Сопротивление пророка не политично, но оно глубже политики: оно затрагивает сам способ существования религии как публичного устройства. Его речь не поддается инкорпорации, потому что она не исходит из функции. Он не профессионален, он не обучен, он не уполномочен. Он появляется без согласования, говорит без фильтра, действует без протокола. Его слова не утверждены советом, не прошли проверку на пастырскую целесообразность, не опираются на богословскую школу, поэтому они возвращают то, что невозможно произвести по процедуре – напряжение присутствия. Всякая система стремится поглотить такое слово, либо объявив его опасным, либо превратив в символ. Но пророчество невозможно ни устранить безболезненно, ни превратить в жанр без утраты сути. И потому каждый пророк, по самой своей сути, становится фигурой несогласия – даже если он не собирался ничего разрушать.
Библейская традиция знает это слишком хорошо: все подлинные пророки были конфликтными фигурами. Их не признавали сразу, им не давали кафедр, их не цитировали с уважением. Их гнали, изолировали, игнорировали. И не потому, что они говорили что-то принципиально новое, а потому, что их слово вскрывало расщепление между формой и жизнью, между системой и откровением. Они не были реформаторами, потому что не предлагали программ. Они не были мятежниками, потому что не боролись за власть. Но они становились центрами внутреннего сопротивления – не организованного, не институционального, но такого, которое возвращало человека к себе, к голосу, к отклику, к пустоте, в которую снова могло прийти нечто настоящее.

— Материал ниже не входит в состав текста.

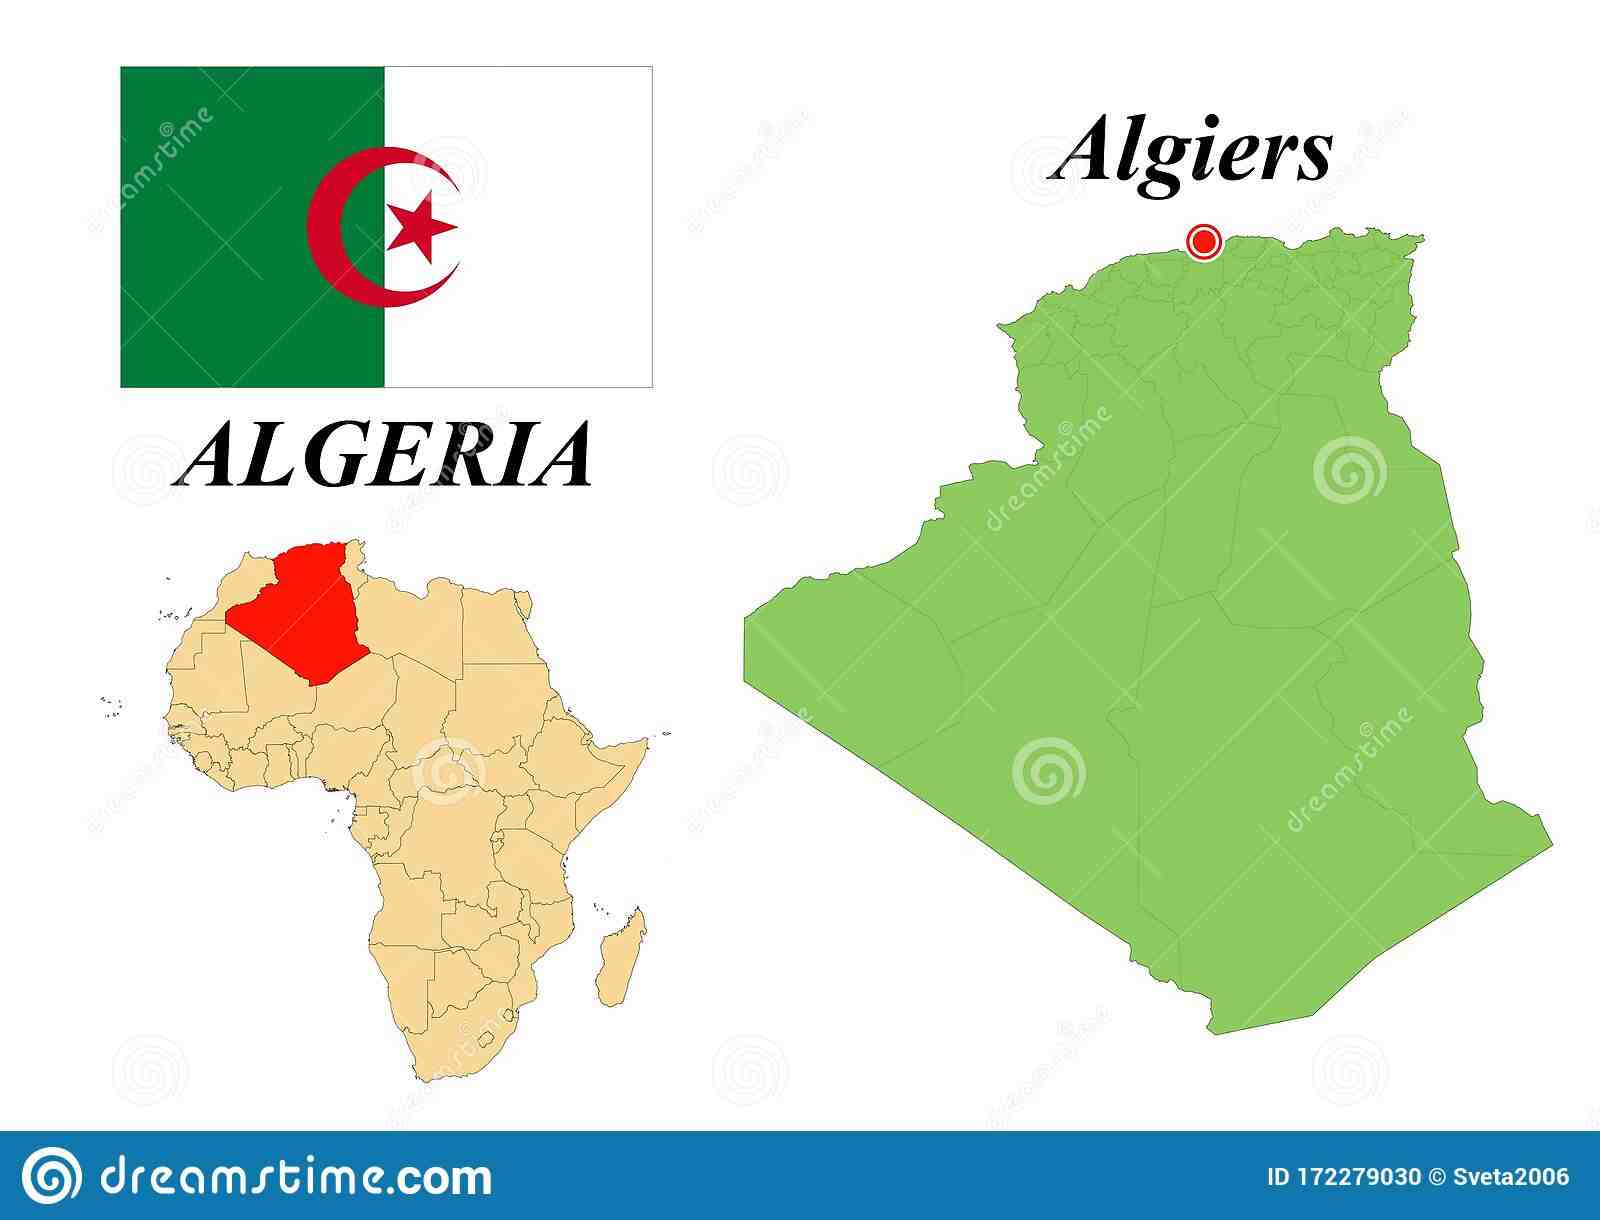 Qui a créé le nom Algérie ?

Поэтому пророчество всегда идет на разрыв. Не с Богом, не с народом, не с традицией, но с той частью их конфигурации, которая больше не различает. Оно не разрушает основания, но сбрасывает надстройки. Оно не призвано создать альтернативу – его задача в том, чтобы очистить возможность. И потому оно не может быть встроено: его нельзя закрепить, тиражировать, обучать. Оно всегда будет звучать с края – не потому, что пророку нравится быть на периферии, а потому что центр уже стал недоступным для восприятия. Сопротивление, рождающееся в пророчестве, не есть жест воли, а форма верности. Не бунт, а удержание различия там, где все уже сошлось в самодовольное «так и должно быть».